→ **Your instructions**
Go through the listing below and retype exactly the lines starting at the one with "مسلسل The Bastard" and ending at the one with "Peinados para fiestas de gala juveniles 2024", skipping pictures.

[Information provided Boundary: Start]

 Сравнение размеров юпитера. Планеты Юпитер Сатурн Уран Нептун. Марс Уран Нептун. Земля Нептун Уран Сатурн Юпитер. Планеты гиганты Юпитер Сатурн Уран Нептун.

[Information provided Boundary: End]
[Information provided Boundary: Start]

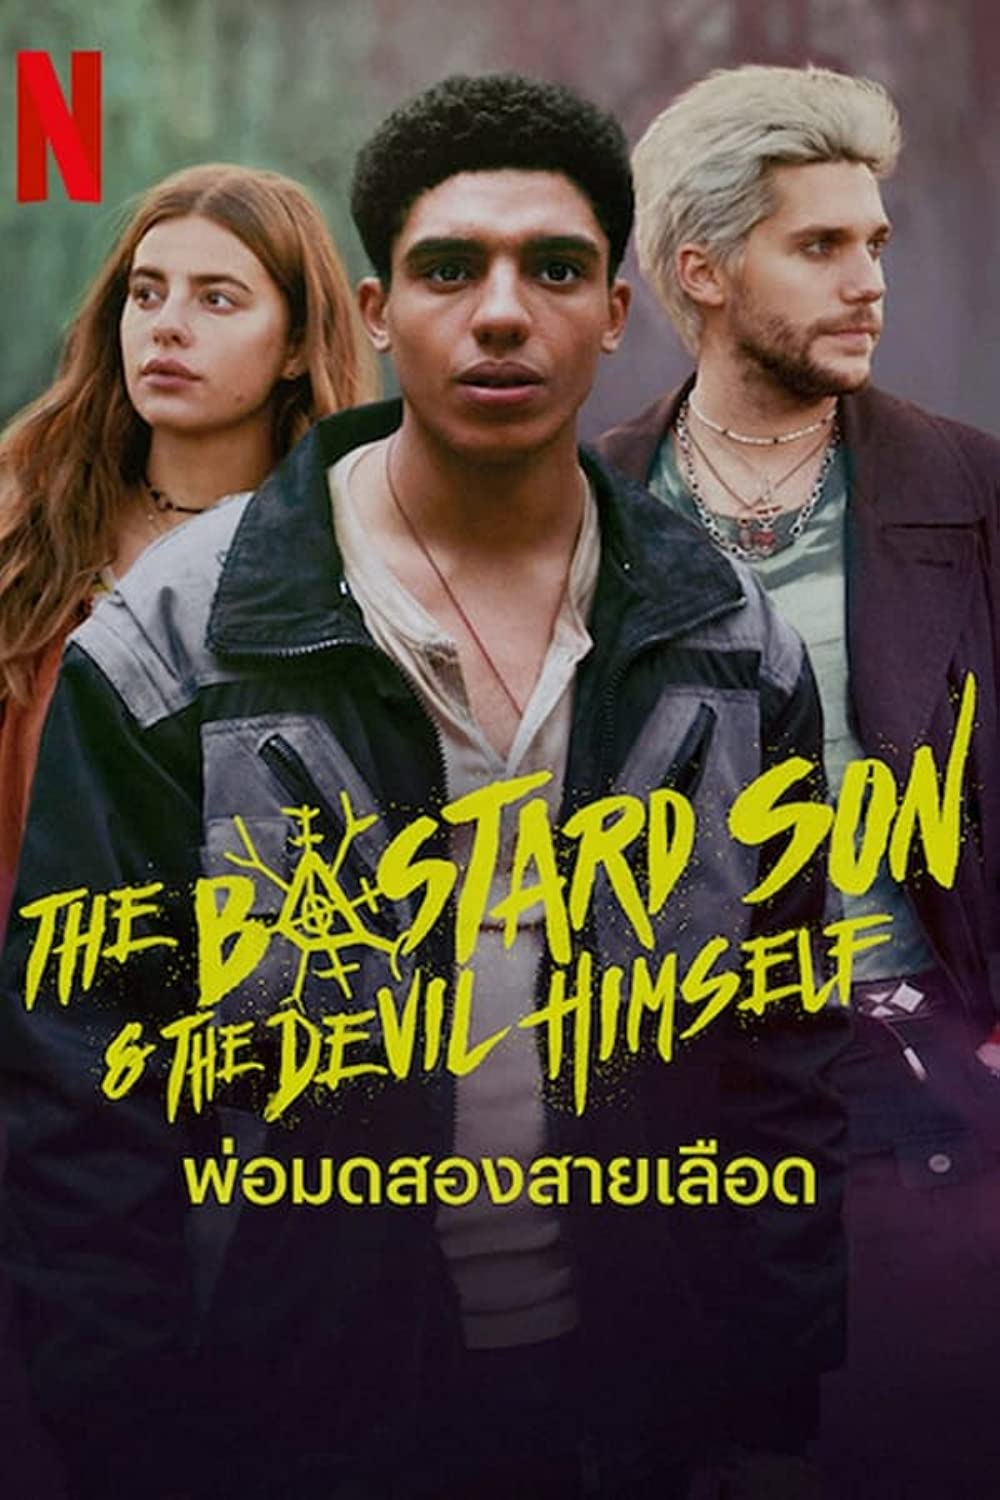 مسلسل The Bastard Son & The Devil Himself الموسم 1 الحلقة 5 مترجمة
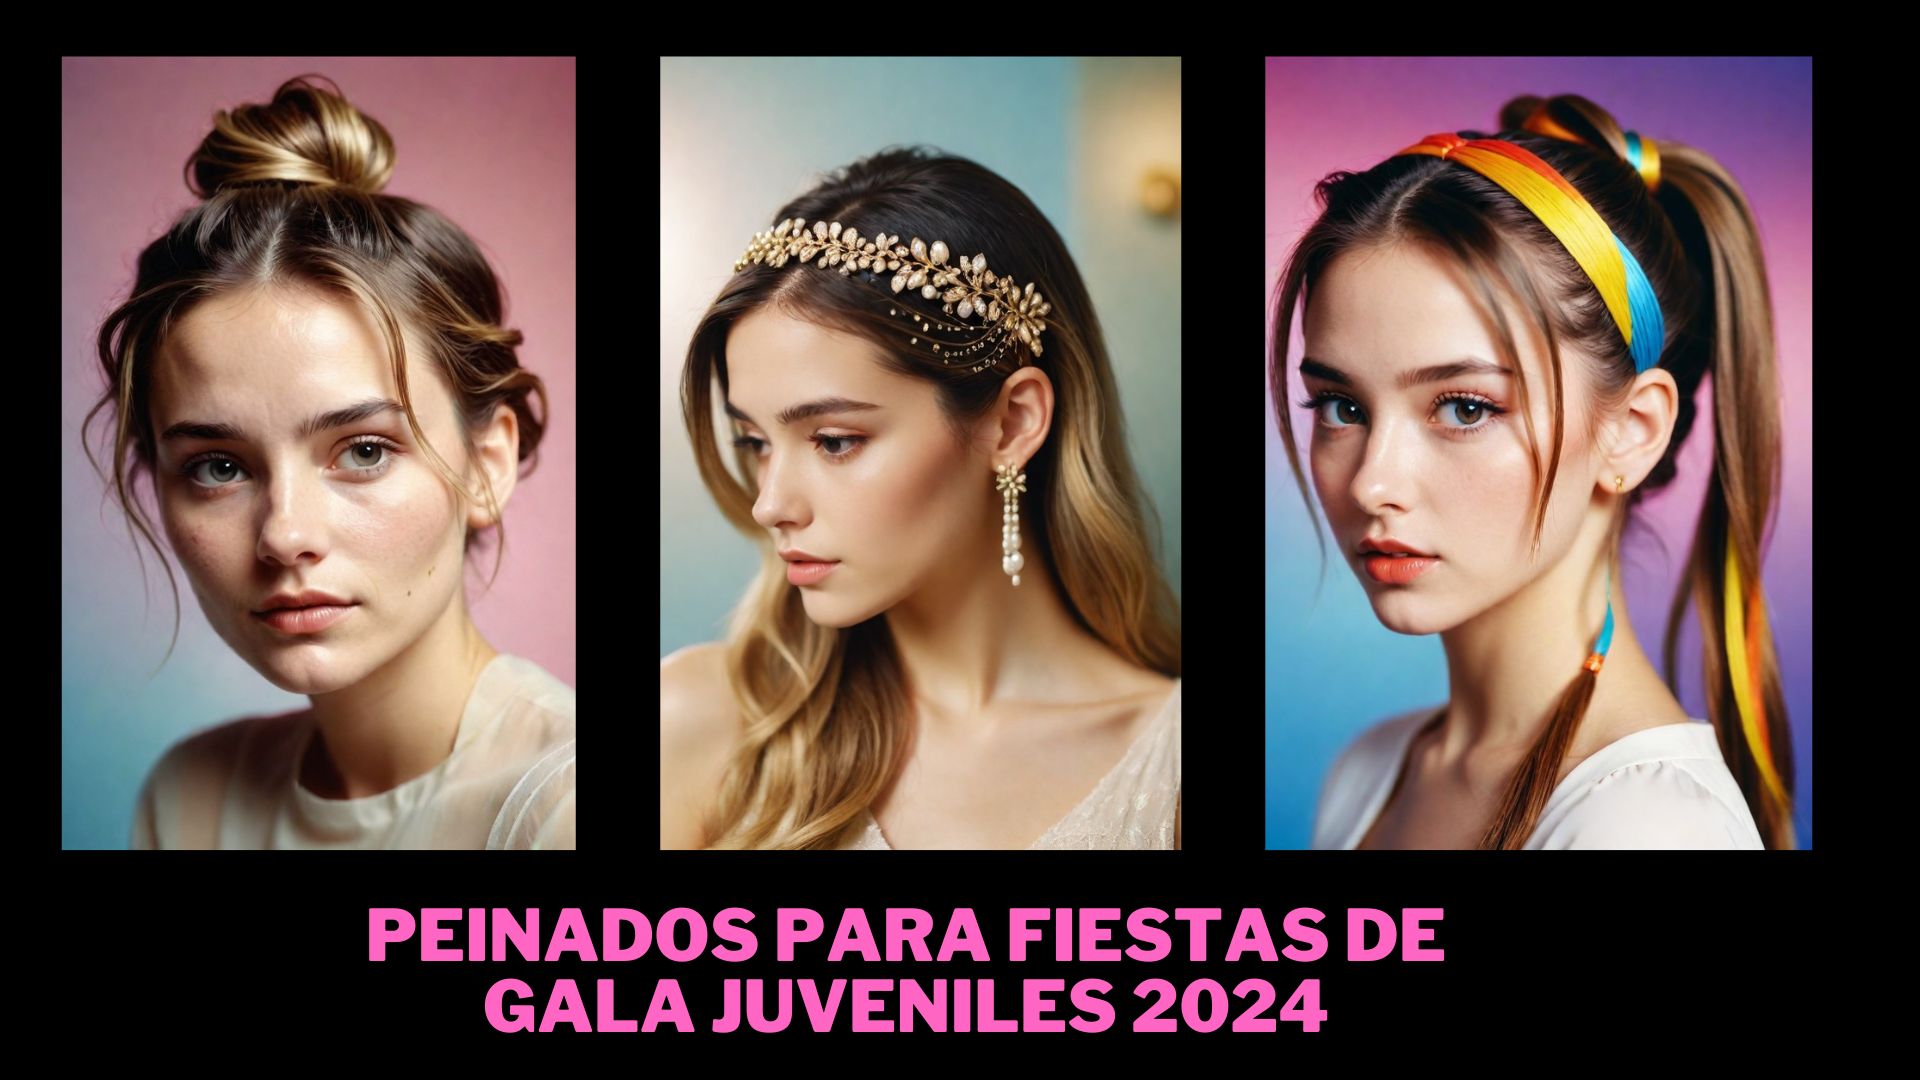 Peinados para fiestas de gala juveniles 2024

[Information provided Boundary: End]

→ **Written answer**
 مسلسل The Bastard Son & The Devil Himself الموسم 1 الحلقة 5 مترجمة
 Peinados para fiestas de gala juveniles 2024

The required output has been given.